_DATA TO EXAMINE_
┌────────
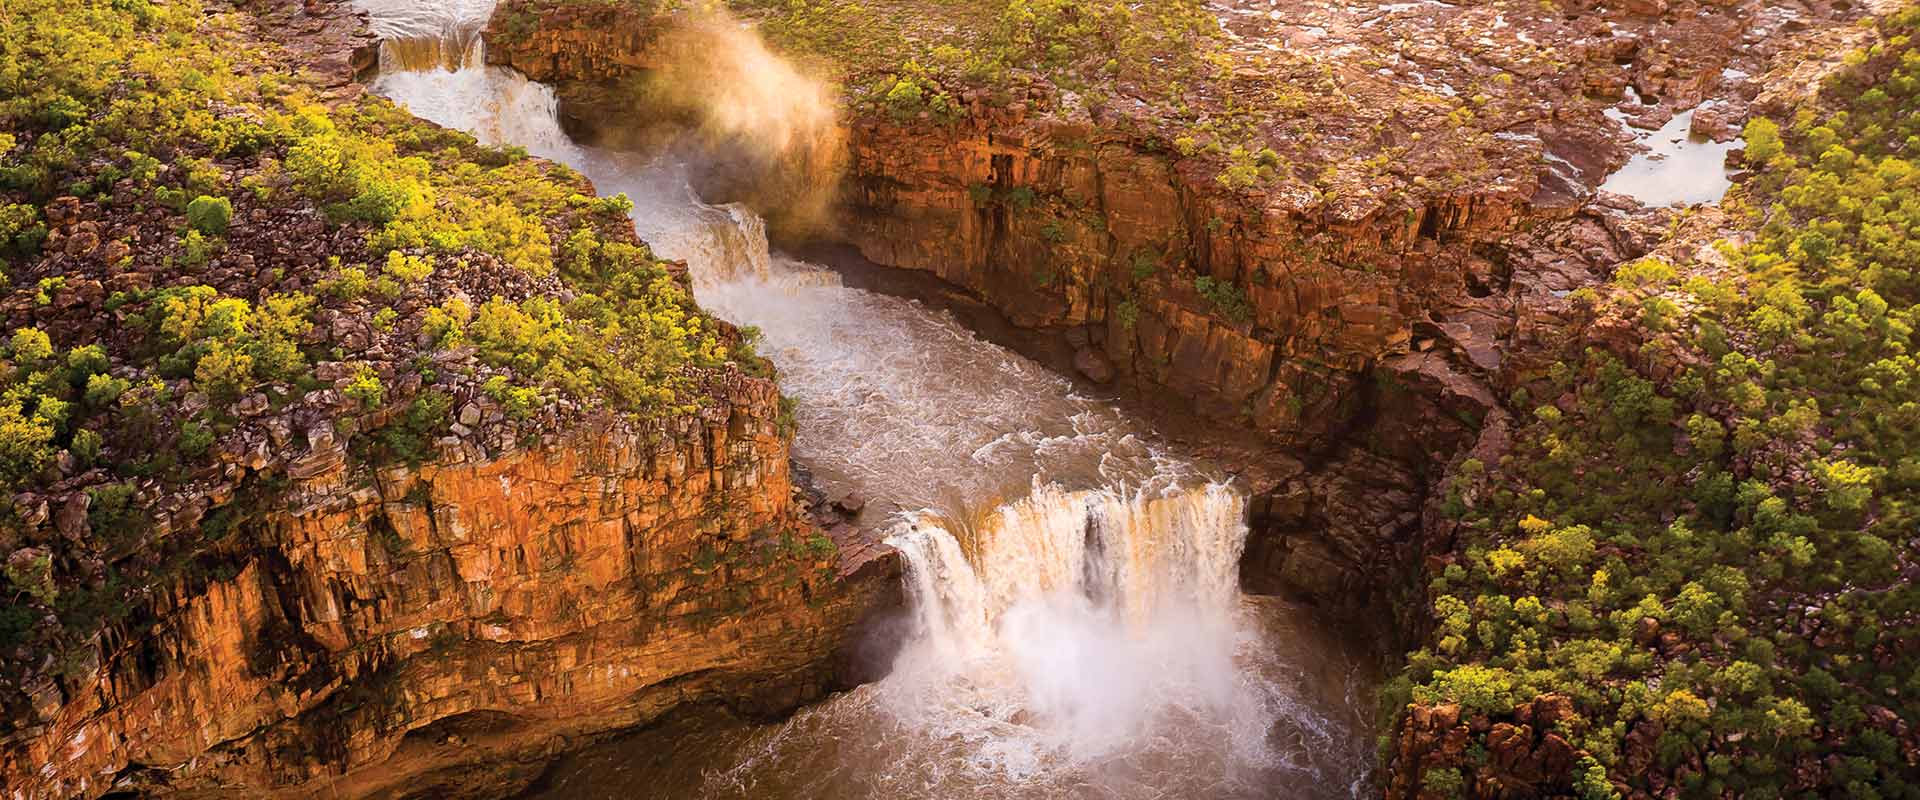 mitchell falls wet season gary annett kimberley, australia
└────────
┌────────
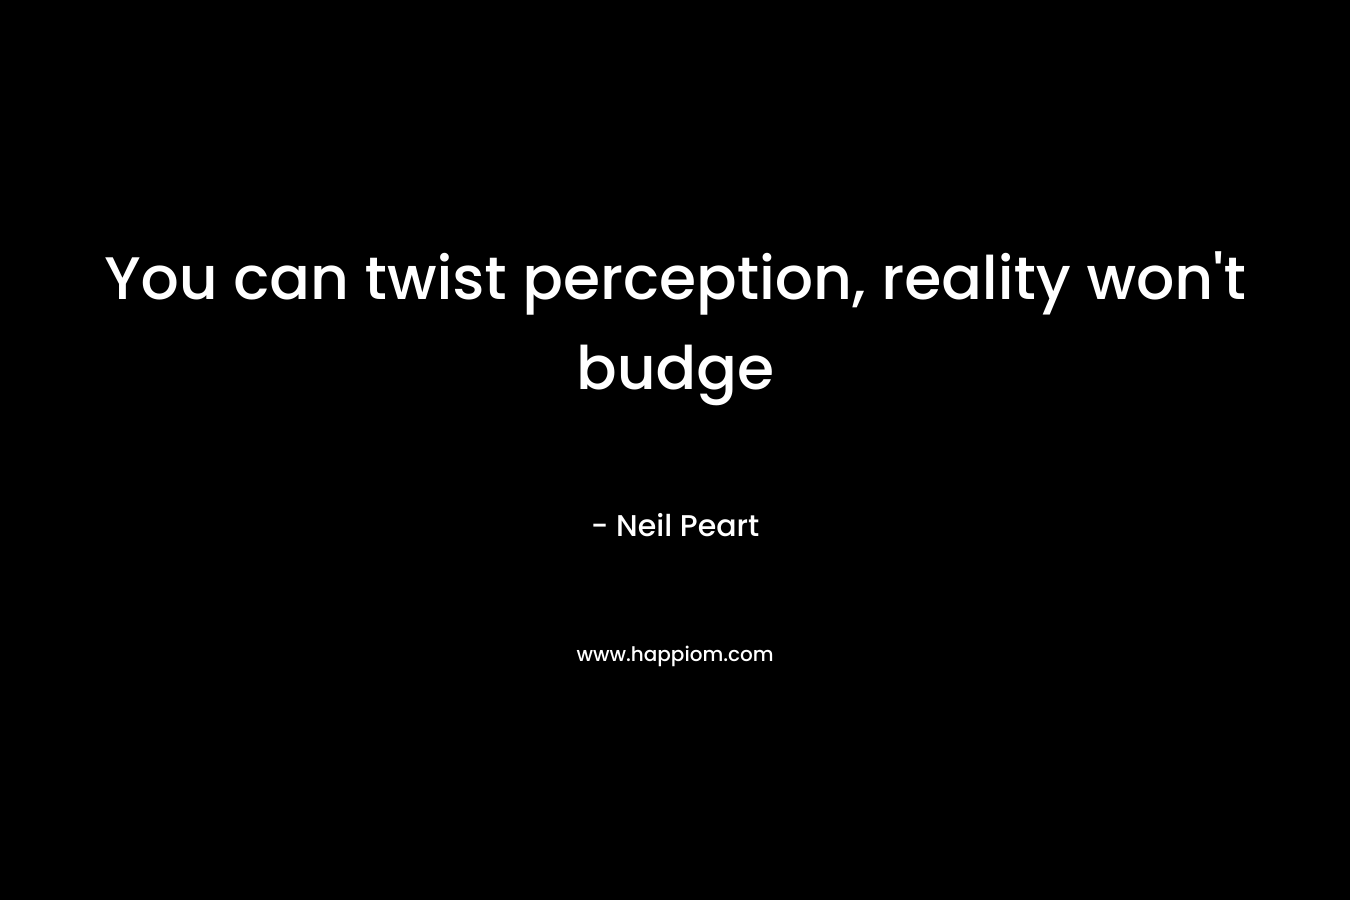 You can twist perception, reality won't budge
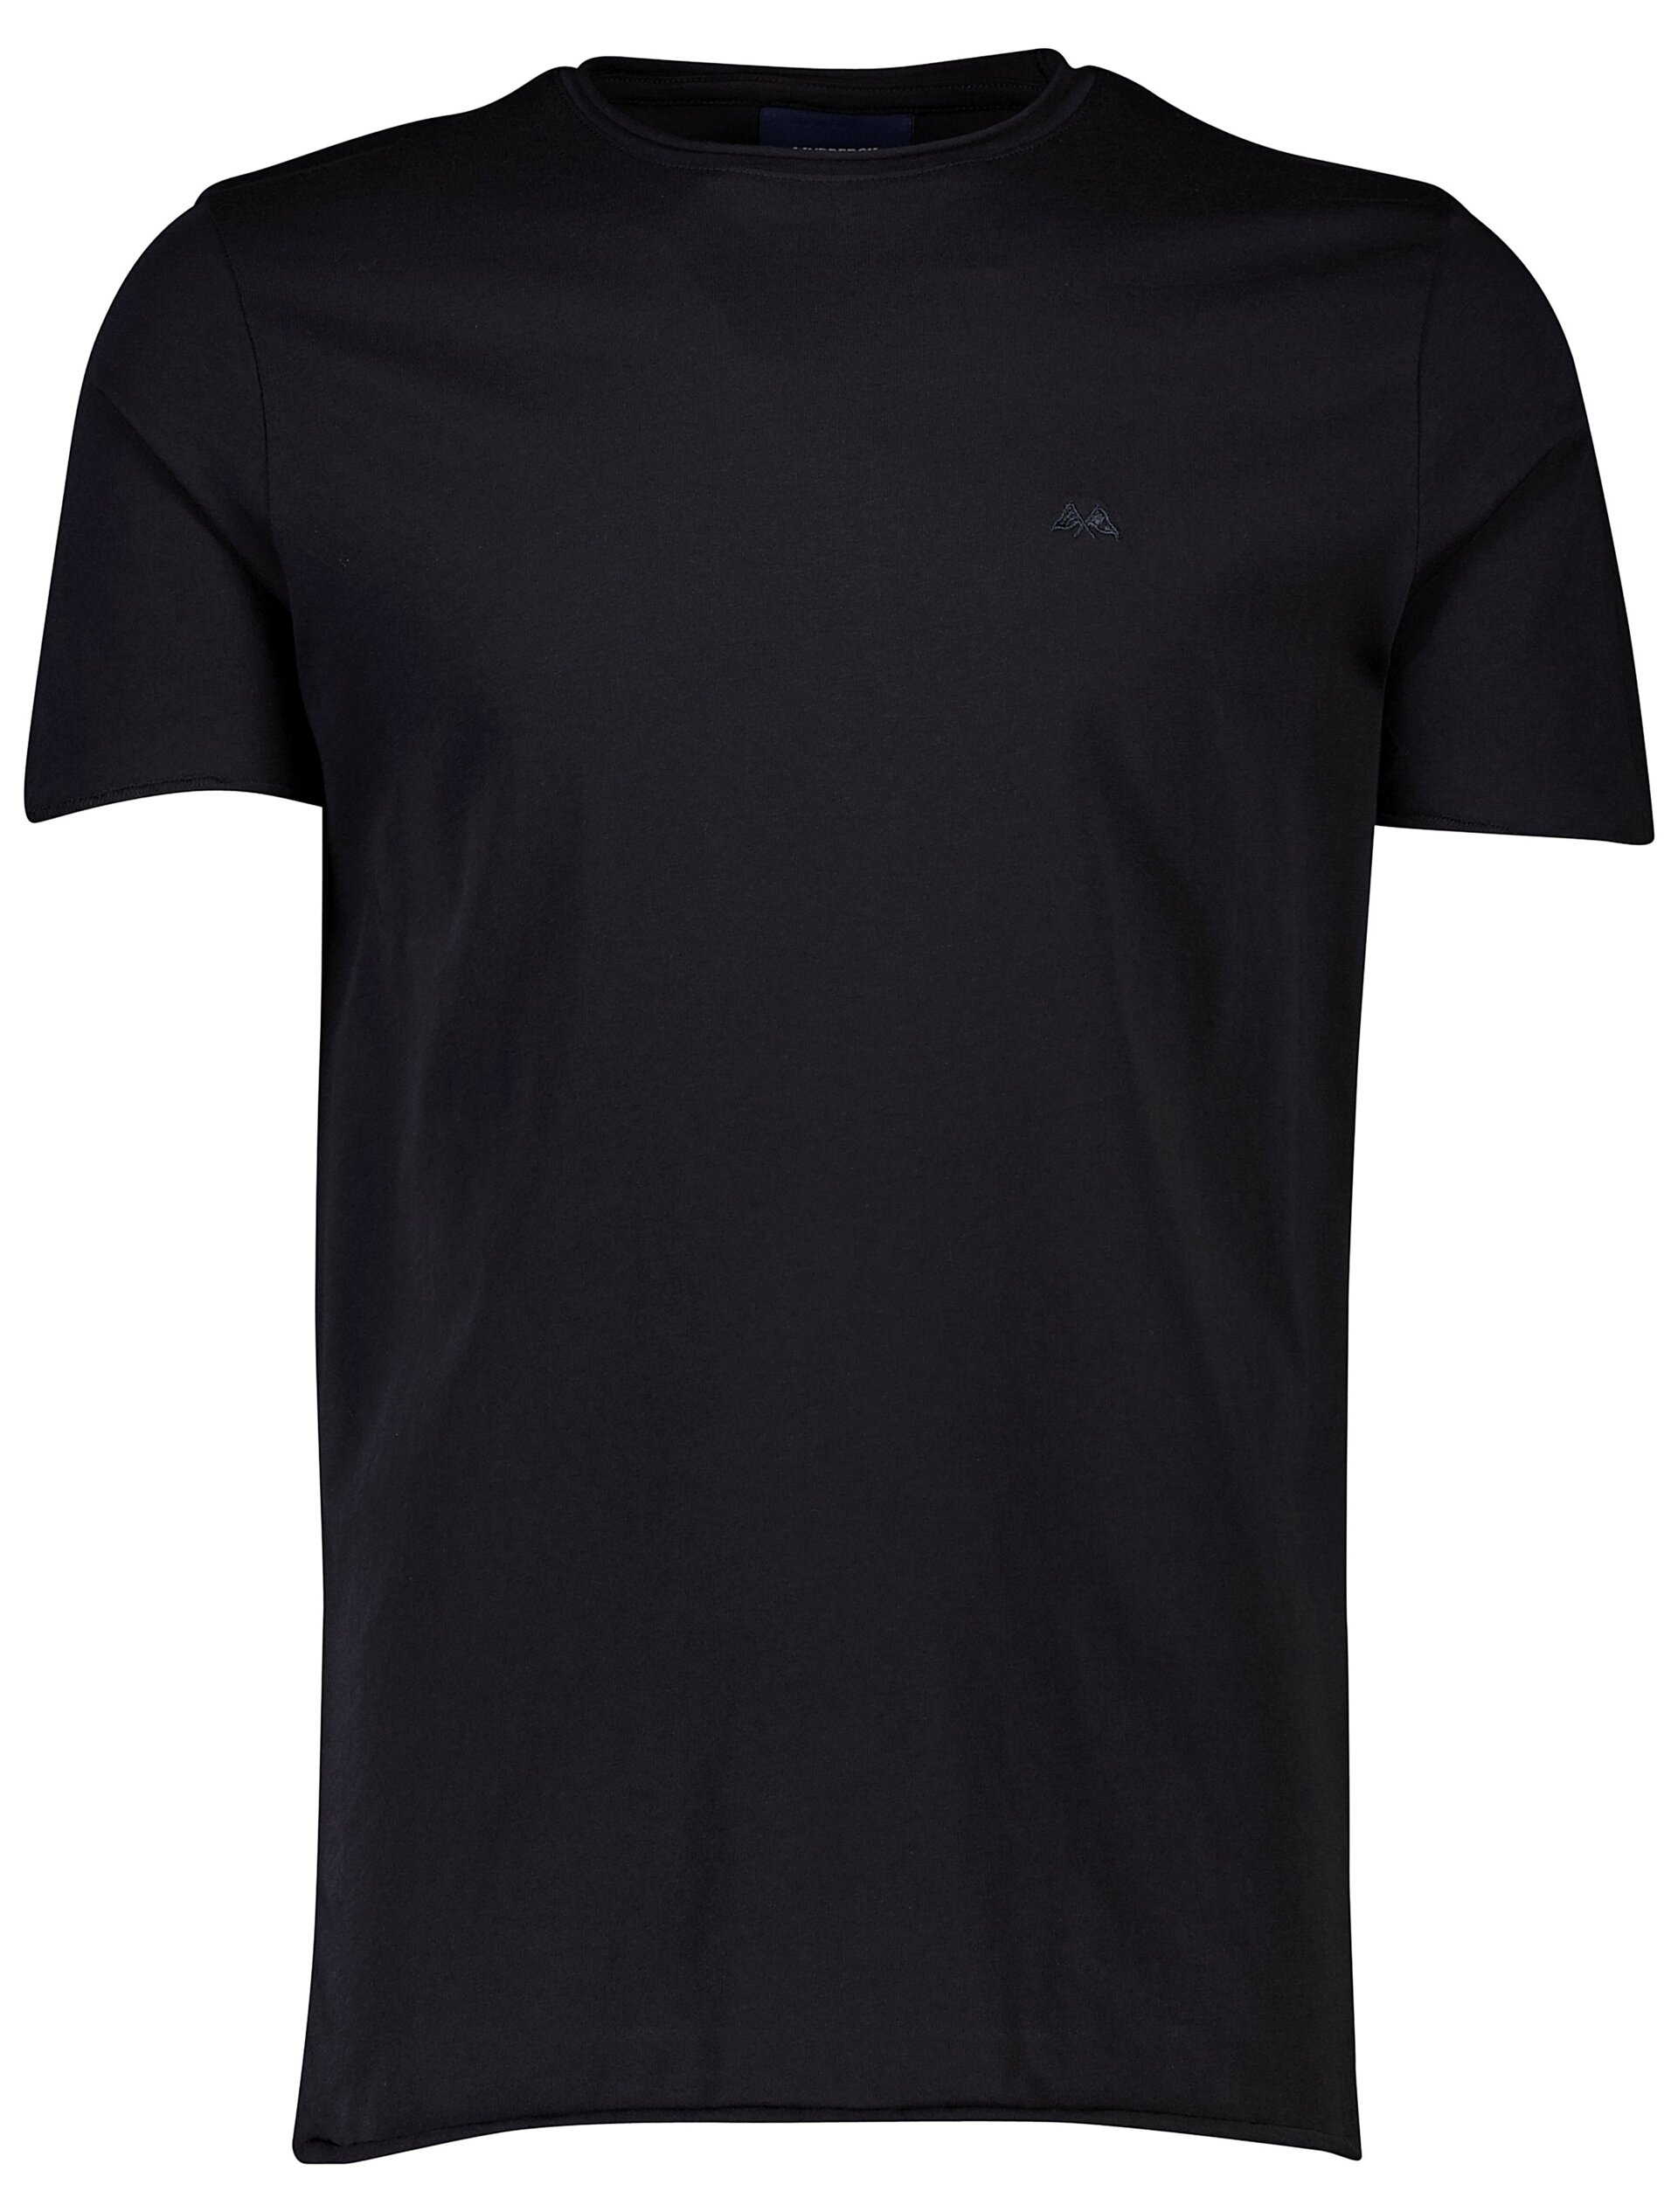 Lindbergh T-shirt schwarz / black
└────────
┌────────
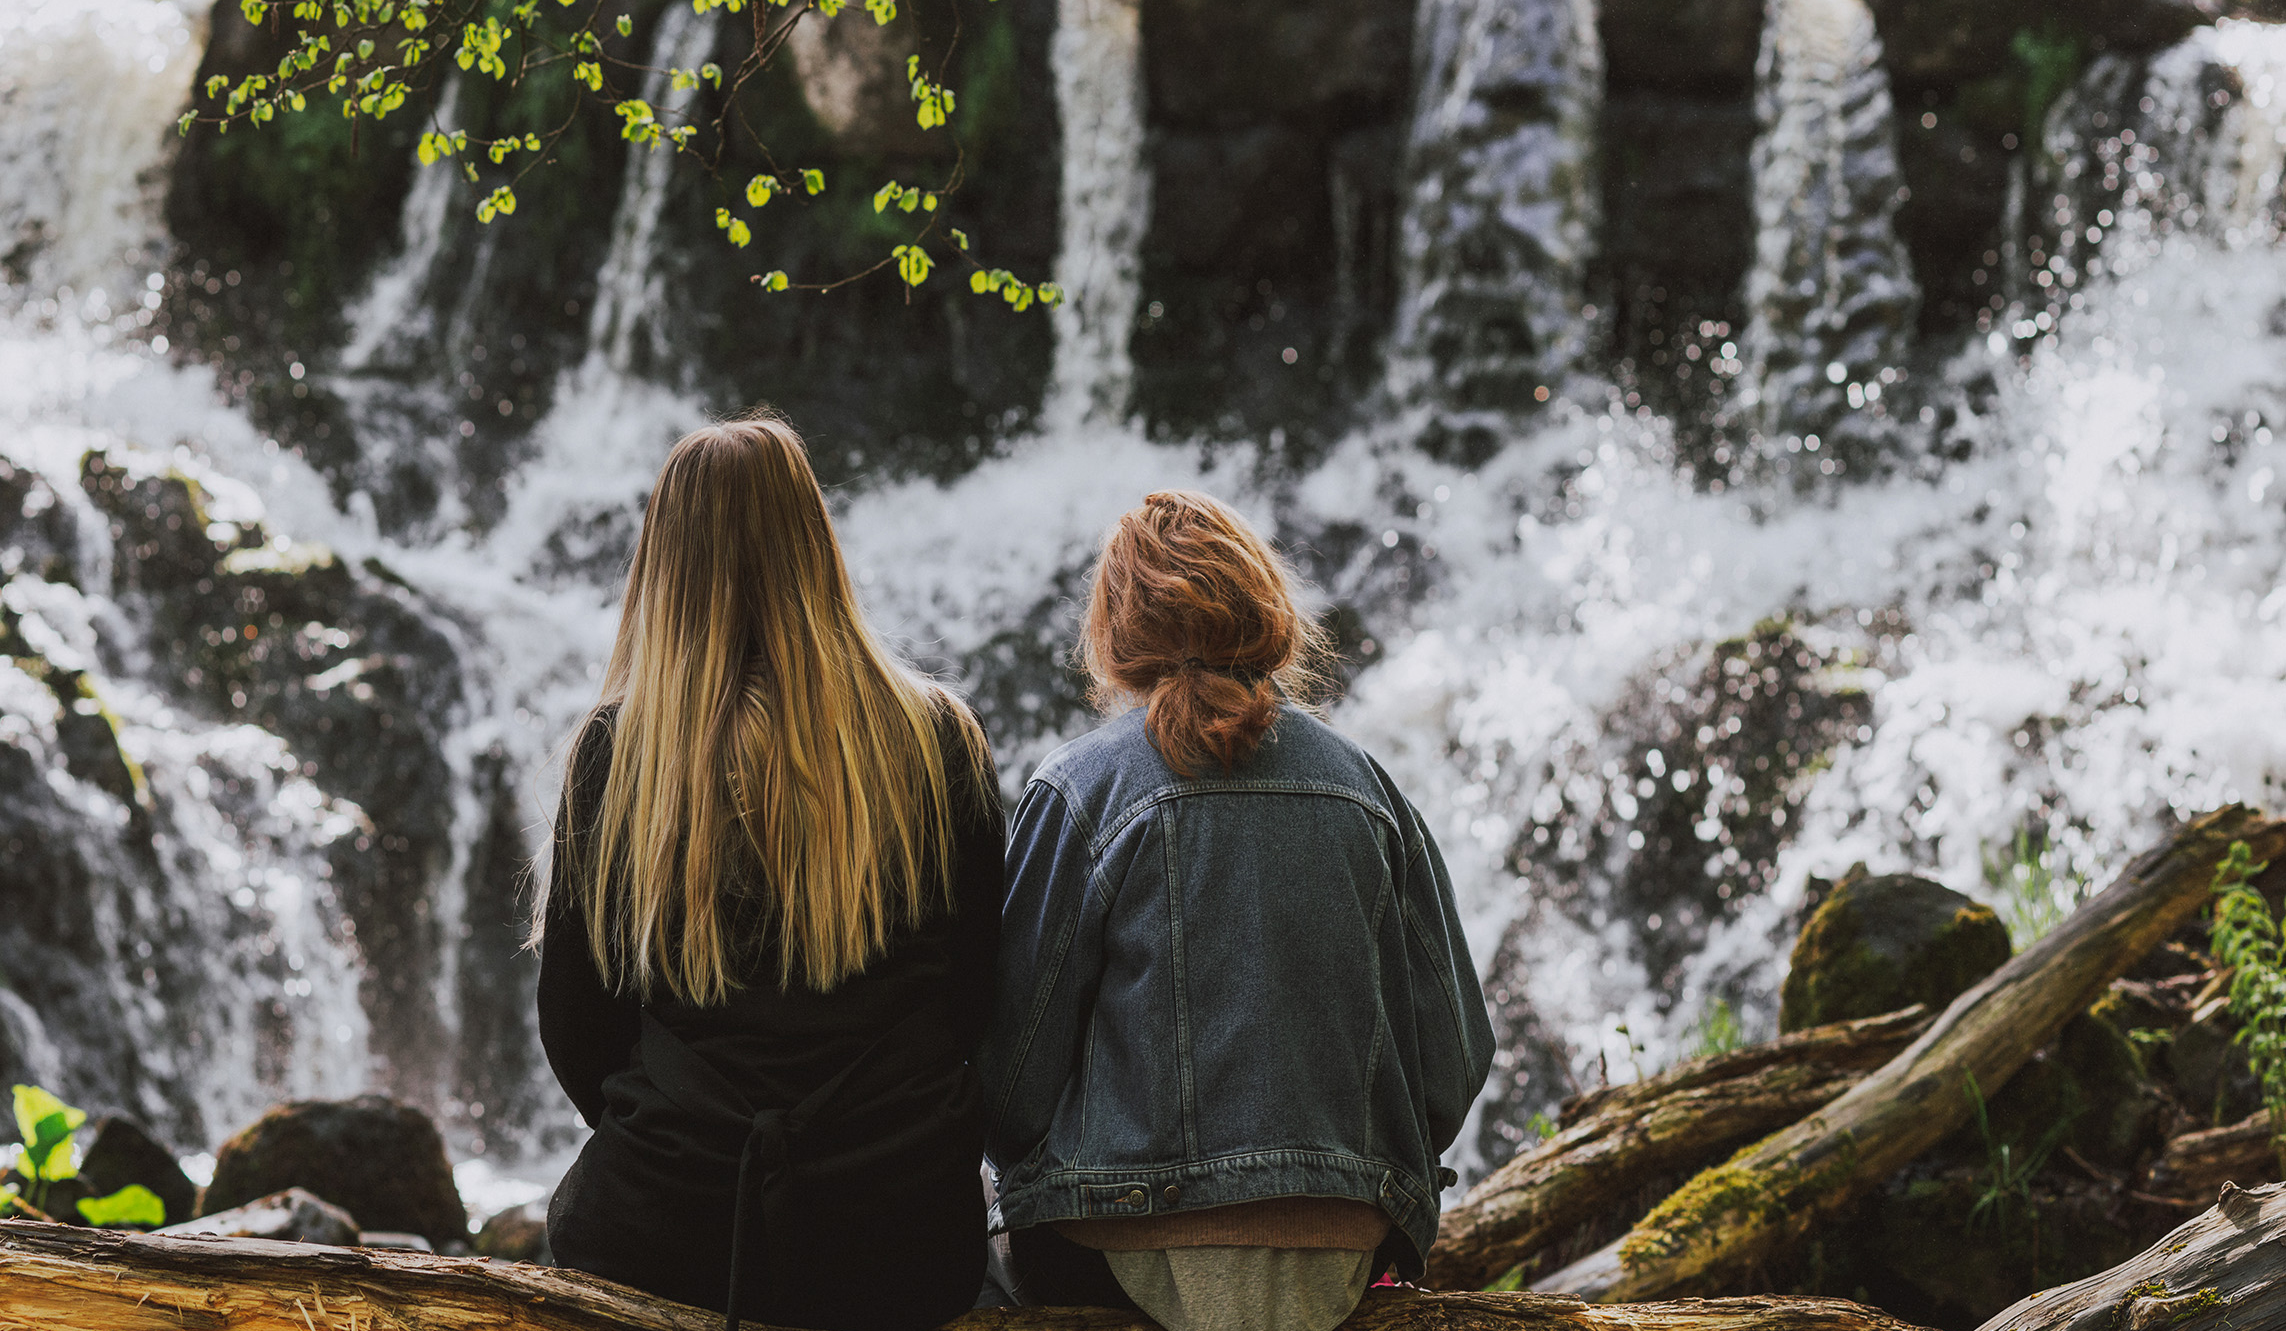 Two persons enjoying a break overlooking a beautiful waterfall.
└────────
_TASK OBJECTIVE_
The result should be an exact copy of only the lines above from the one that holds "You can twist" through the one that holds "Lindbergh T-shirt schwarz / black", both ends included, without pictures.

_ANSWER FOR THE TASK_
 You can twist perception, reality won't budge
 Lindbergh T-shirt schwarz / black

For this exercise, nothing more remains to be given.